Un site gazier exploité par une compagnie contrôlée en partie par le groupe français Total a abrité une prison secrète utilisée par des soldats émiratis en 2017 et 2018 à Balhaf, dans le sud du Yémen, affirment trois ONG dans un rapport publié ce jeudi 7 novembre.

Ce site, qui regroupe une usine de liquéfaction de gaz et un terminal d’exportation de gaz naturel liquéfié (GNL), a cessé ses activités en 2015 en raison de la guerre au Yémen. “Selon des sources ouvertes et des témoignages, il héberge depuis 2016 une milice -les forces d’élite de Shabwa- sous contrôle des Émirats arabes unis”, écrivent l’Observatoire des armements, SumOfUs et les Amis de la Terre.
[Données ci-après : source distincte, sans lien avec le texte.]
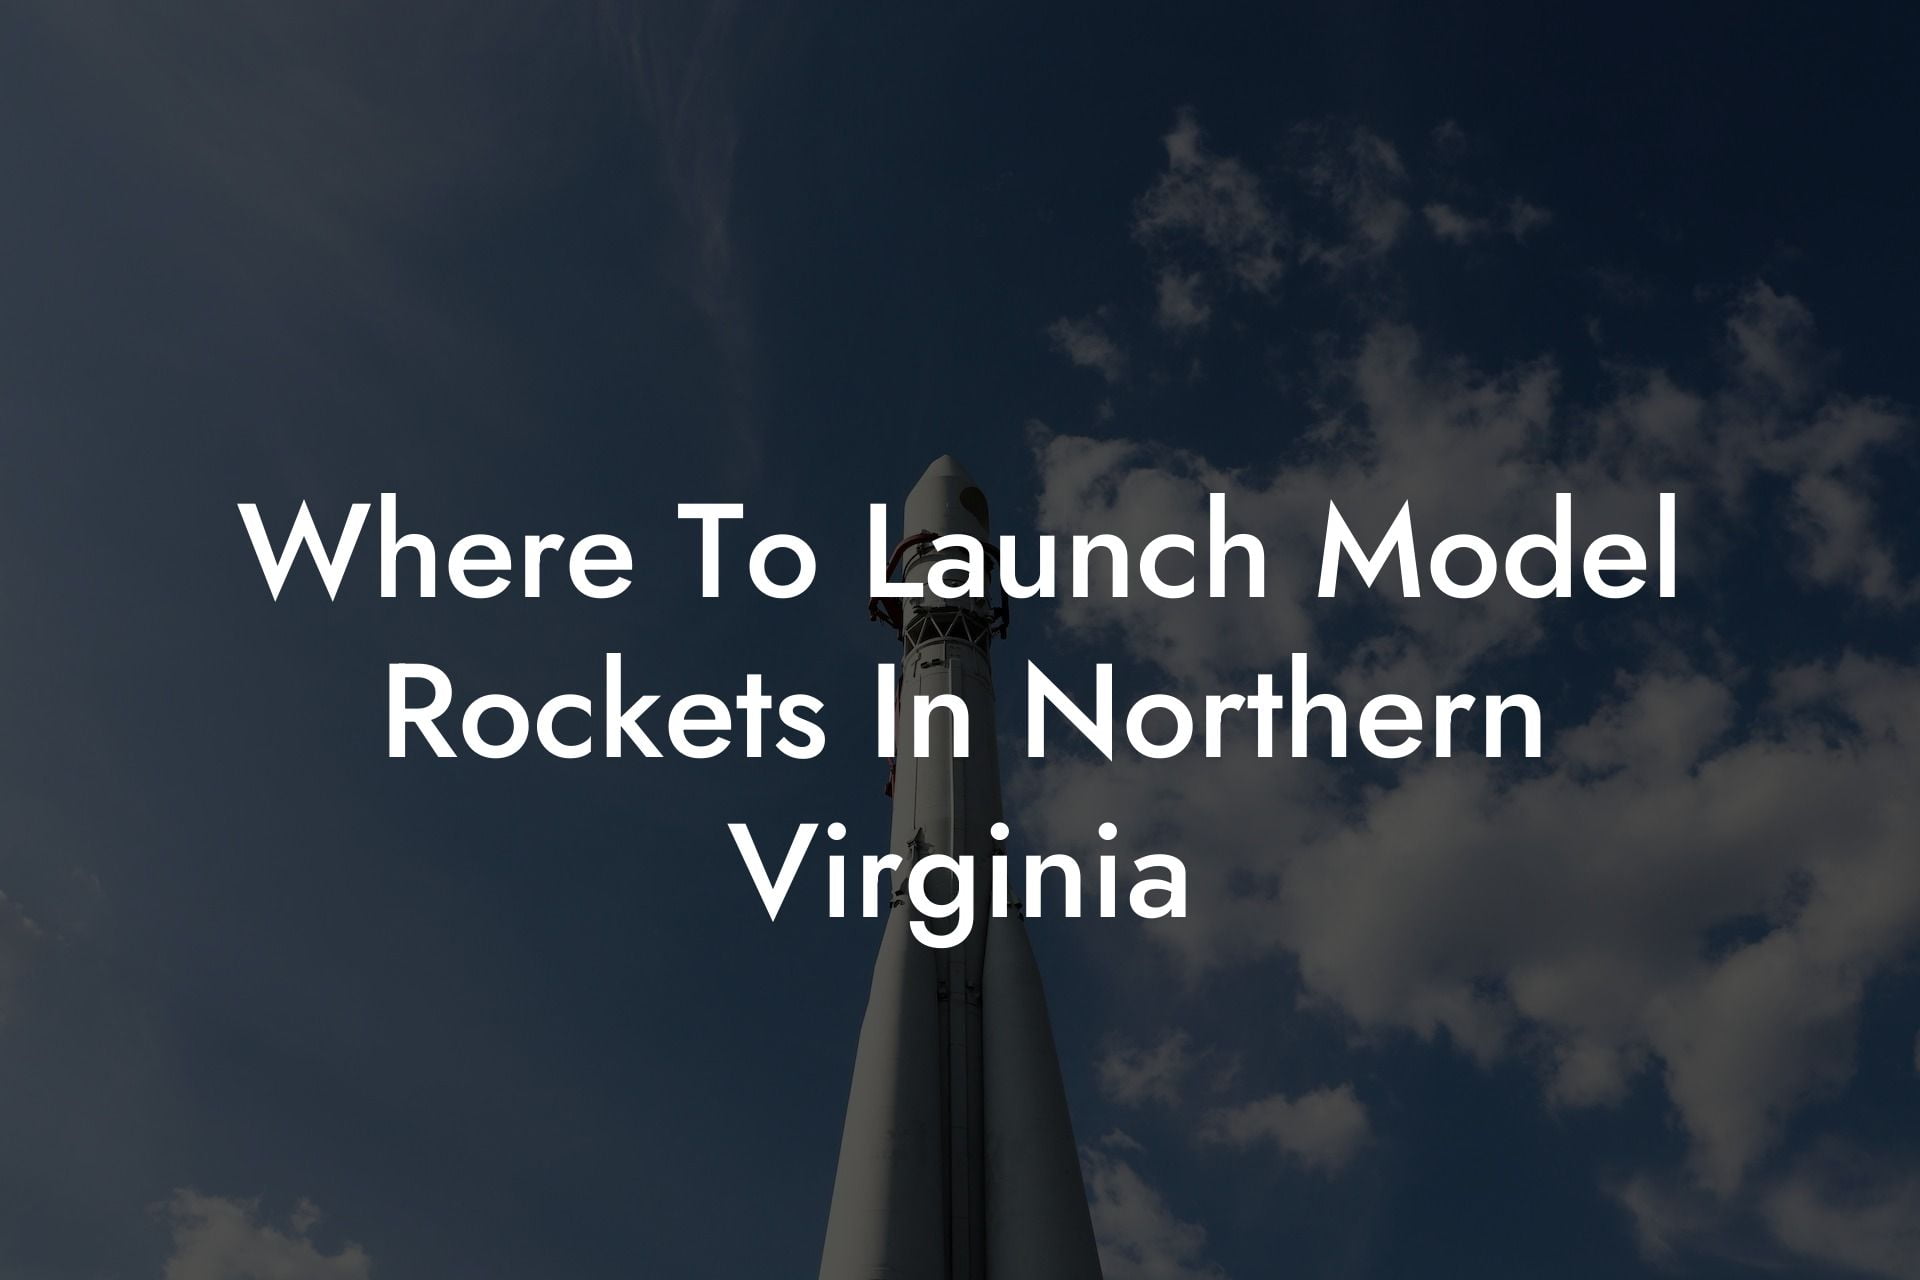 Where To Launch Model Rockets In Northern Virginia

“Ces témoignages relatent des traitements inhumains et dégradants (privation de soins, tortures) commis par des soldats émiratis”, ajoutent-ils. “Les personnes qui s’y font enfermer sont généralement accusées d’appartenir à Al-Qaida sur la péninsule arabique (AQPA)”, sur la base “souvent de soupçons sans fondement ou d’une vengeance personnelle”, poursuivent-ils.

Total dit qu’il ne sait pas

Le site est exploité par Yemen LNG, dont Total est actionnaire à 39,6% aux côtés de la société américaine Hunt (17,2%), de sociétés coréennes (21,4%) et d’entreprises publiques yéménites (21,7%).